*** MATERIAL SHOWN
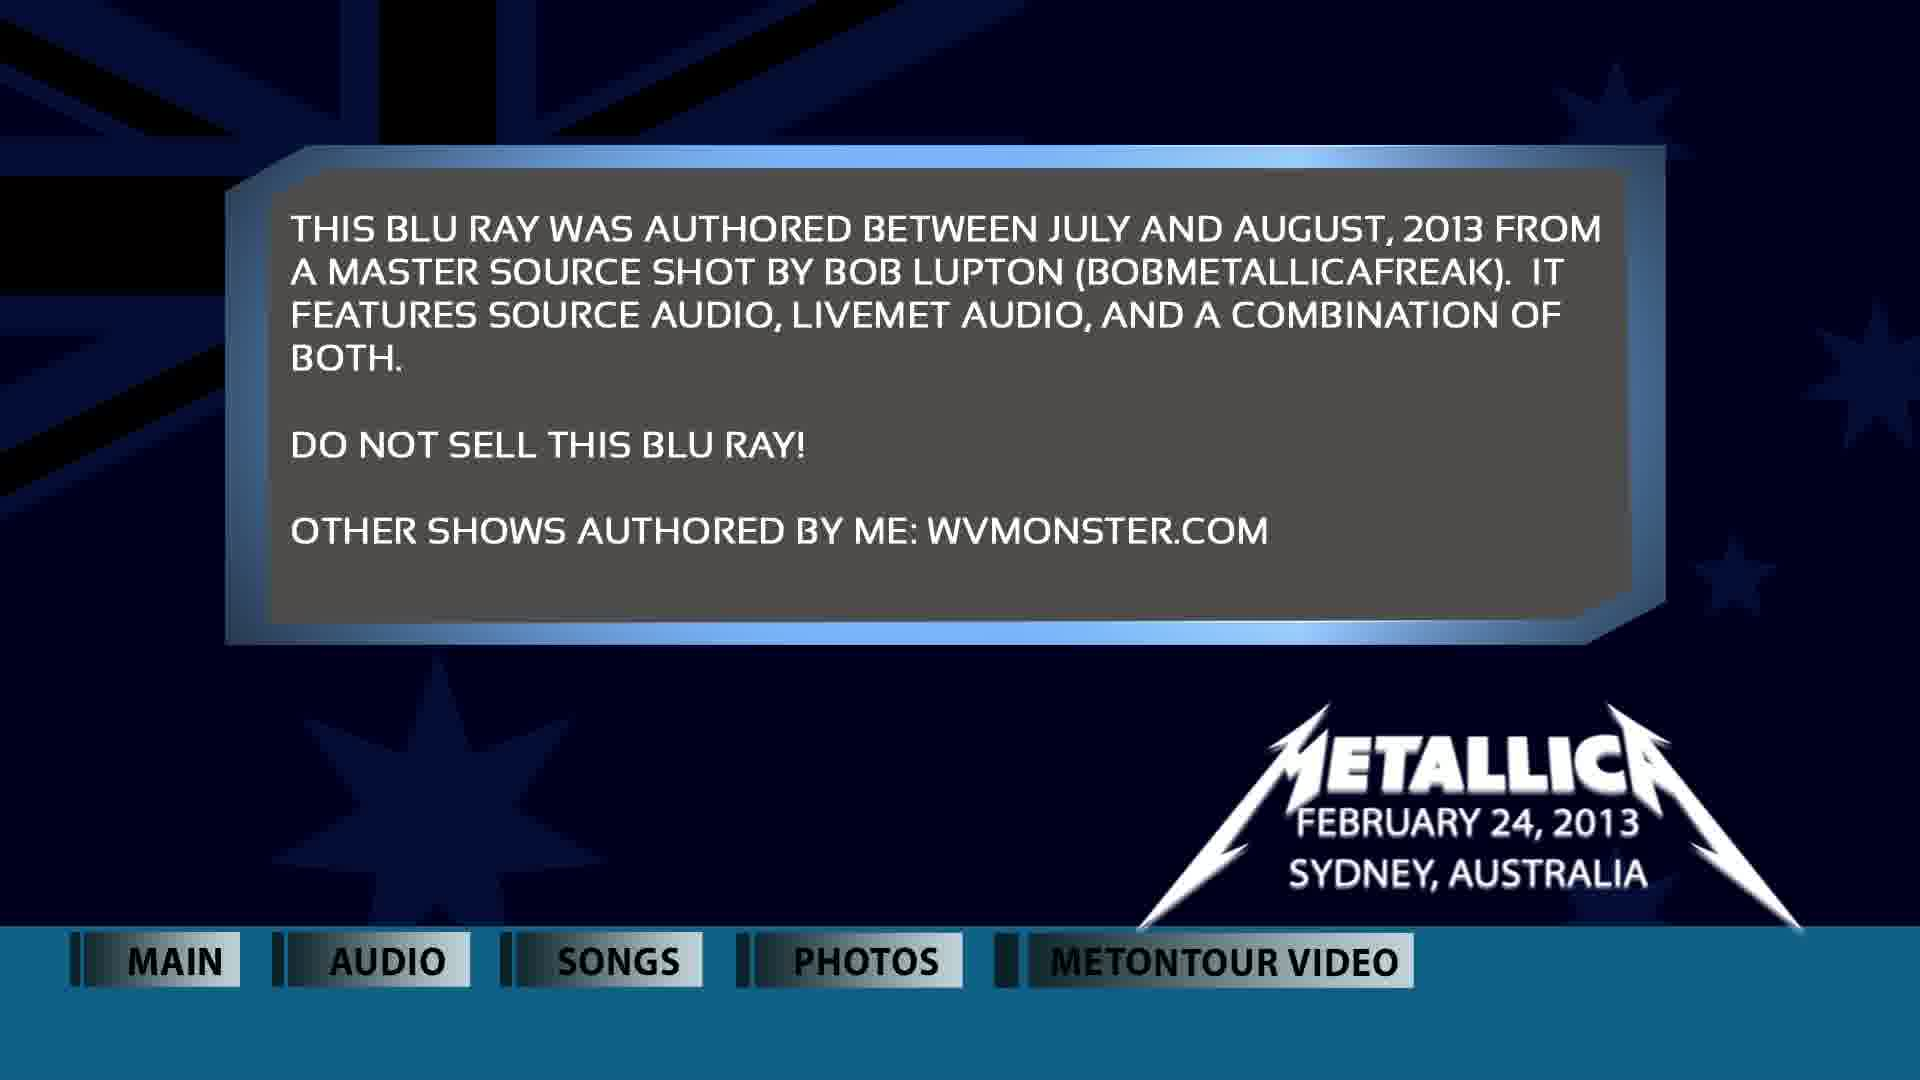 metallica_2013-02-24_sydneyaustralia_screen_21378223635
******
*** MATERIAL SHOWN
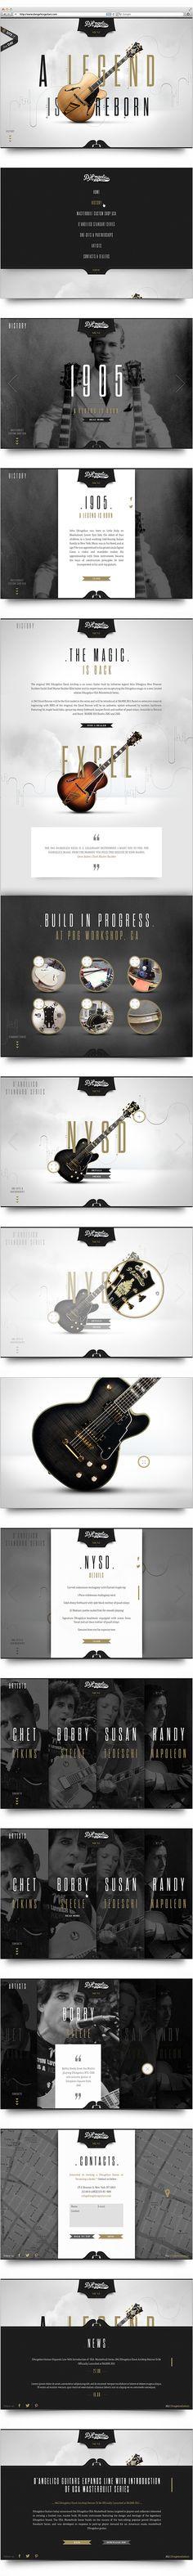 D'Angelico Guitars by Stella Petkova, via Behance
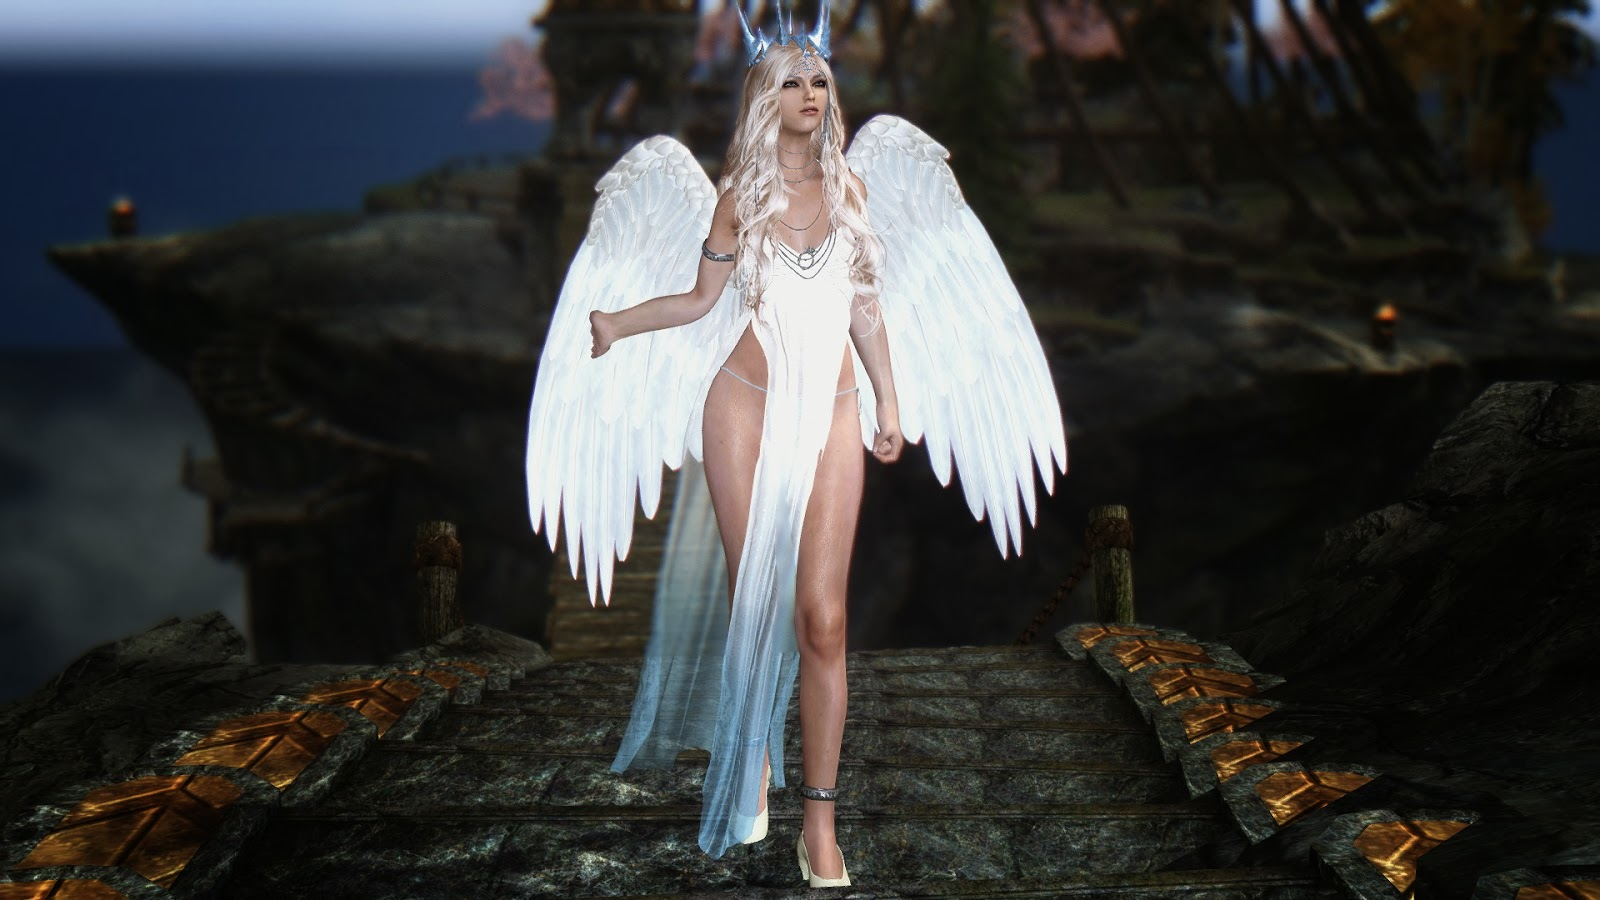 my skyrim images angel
******
*** MATERIAL SHOWN
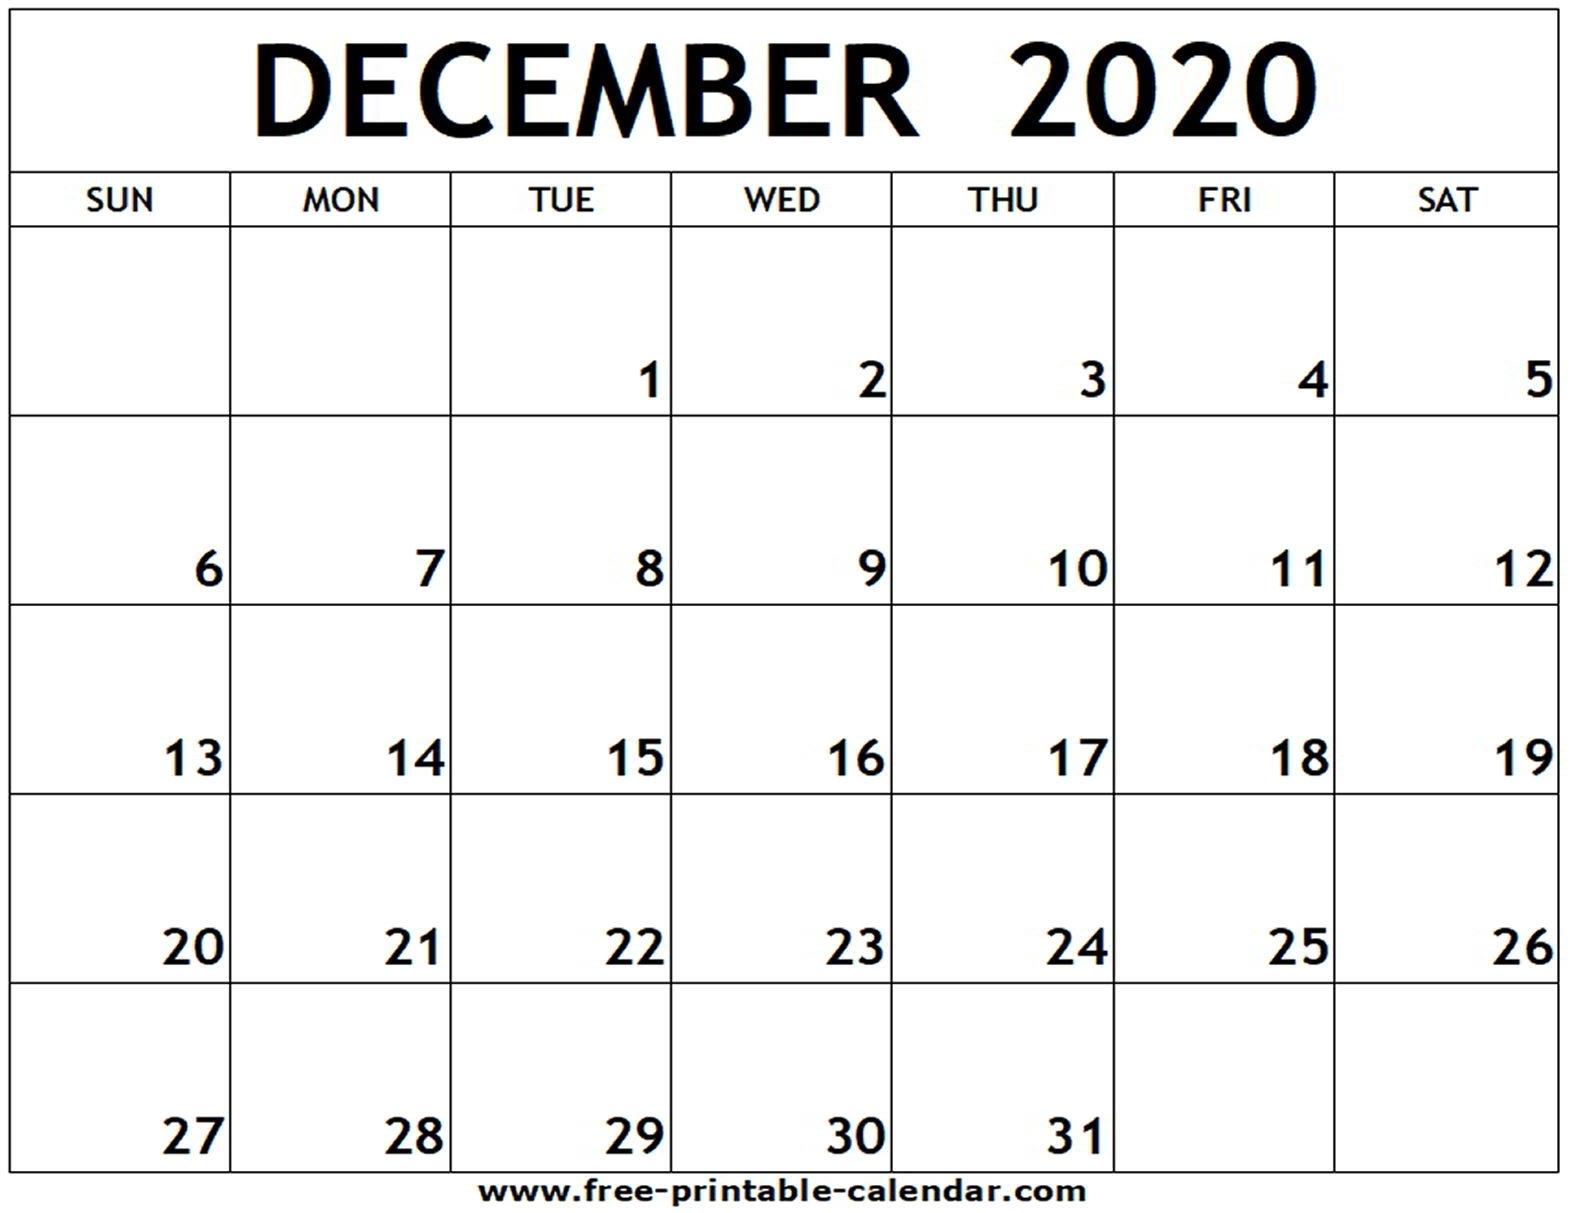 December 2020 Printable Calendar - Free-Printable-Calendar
******
REQUIRED WORK. Give back the exact lines above, running from the one that has "D'Angelico Guitars by" through the one that has "my skyrim images angel", with nothing added and no pictures.

OUTPUT OF THE TASK.
 D'Angelico Guitars by Stella Petkova, via Behance
 my skyrim images angel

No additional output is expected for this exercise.